BlockSec researchers identified a vulnerability in ParaSpace’s NFT lending protocol. The bug threatened a loss of 2,900 ETH and an undisclosed amount of BAYC tokens.
1/ There is a flawed logic in borrow() of the ParaProxy contract (0x638a) of @ParaSpace_NFT . The attacker can borrow more tokens as his scaledBalance will be enlarged by depositing into the position of the proxy (0xC5c9), i.e., specifying the _recipient of depositApeCoin(). https://t.co/Z4e1QOpLg3 pic.twitter.com/fkd96nAPHb
— BlockSec (@BlockSecTeam) March 17, 2023
Experts found that a potential attacker would only need to perform six steps to borrow uncollateralized funds.
2/ Specifically, the scaledBalance is calculated with the following formula: sharesAmount.mul(_getTotalPooledApeBalance()).div(totalShares), while _getTotalPooledApeBalance() could be manipulated.

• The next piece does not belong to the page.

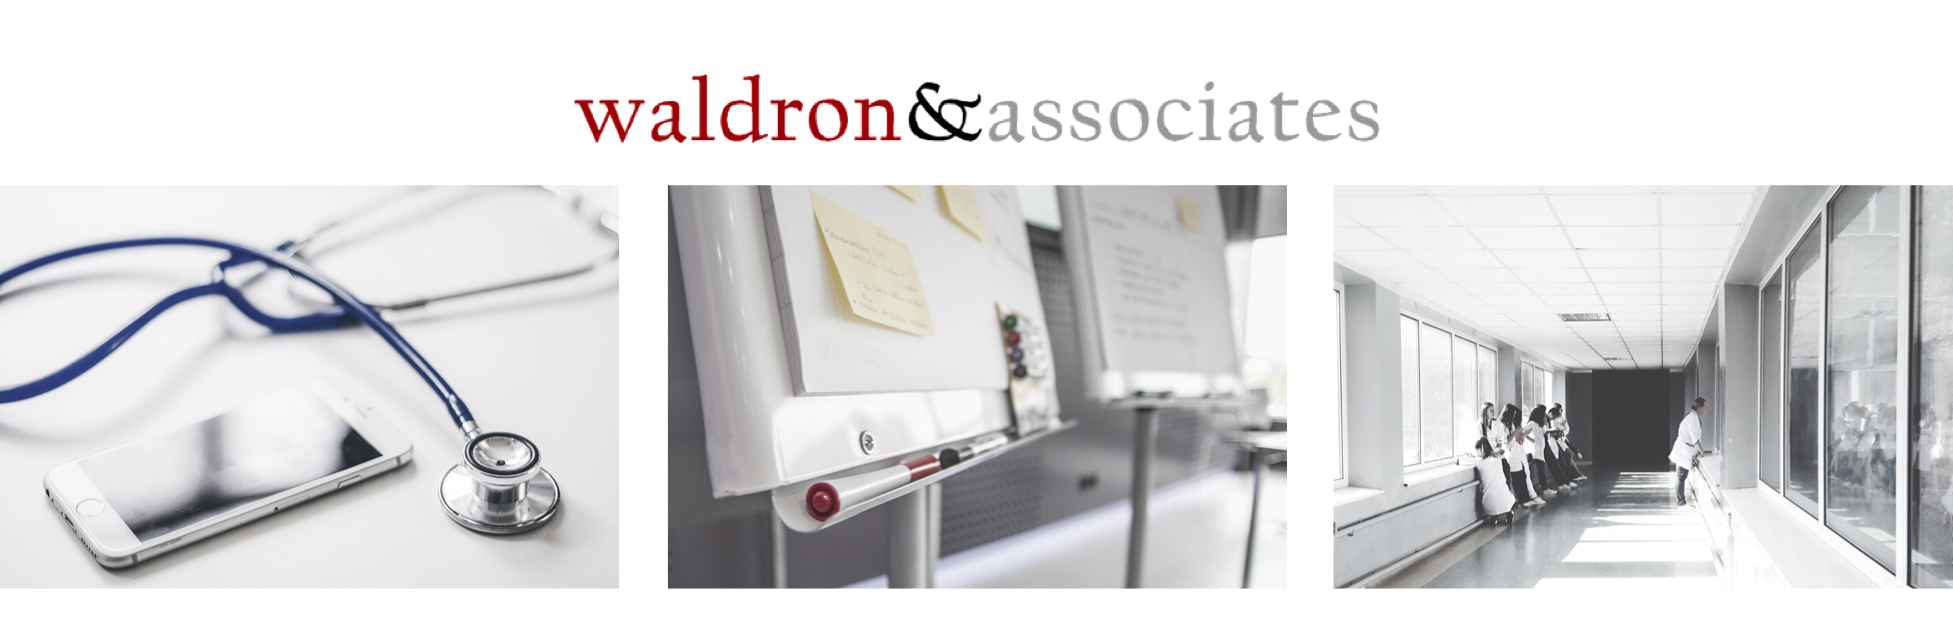 Waldron & Associates. Three Photos - 1. iPhone with stethoscope. - 2. Medical whiteboards with sticky notes. - 3. Hospital hallway with people in lab coats waiting.

In total, there are 6 key attack steps. pic.twitter.com/kvEpHqPNP5
— BlockSec (@BlockSecTeam) March 17, 2023
The ParaSpace team said they detected suspicious activity and paused the protocol.
We noticed a suspicious transaction, and as a security measure, we have paused the entire ParaSpace protocol.
Currently, no transactions (withdrawals, deposits, liquidations) can take place with our contracts.
We are currently investigating and will provide you with an update… https://t.co/3vrIciVF5C
— ParaSpace (@ParaSpace_NFT) March 17, 2023
The findings of the investigation will be published later.
«We can confirm that all NFTs supplied to the protocol are safe and have not been liquidated», — the team assured.
We can confirm that all NFTs supplied to the protocol are safe and have not been liquidated.
BAYC:
NFT Staking Pool: https://t.co/yg0ZalDK3n
P2P Contract: https://t.co/Xvh8ndYofnMAYC:
NFT Staking Pool: https://t.co/HKjZoUr2Nc
P2P Contract: https://t.co/AvAhjgOrQG… https://t.co/1nj1B9B2Nk— ParaSpace (@ParaSpace_NFT) March 17, 2023
As a reminder, in 2022 the Web3-industry suffered losses from hacks amounting to about $3.6 billion. This is almost 50% higher than the year before, Beosin researchers estimated.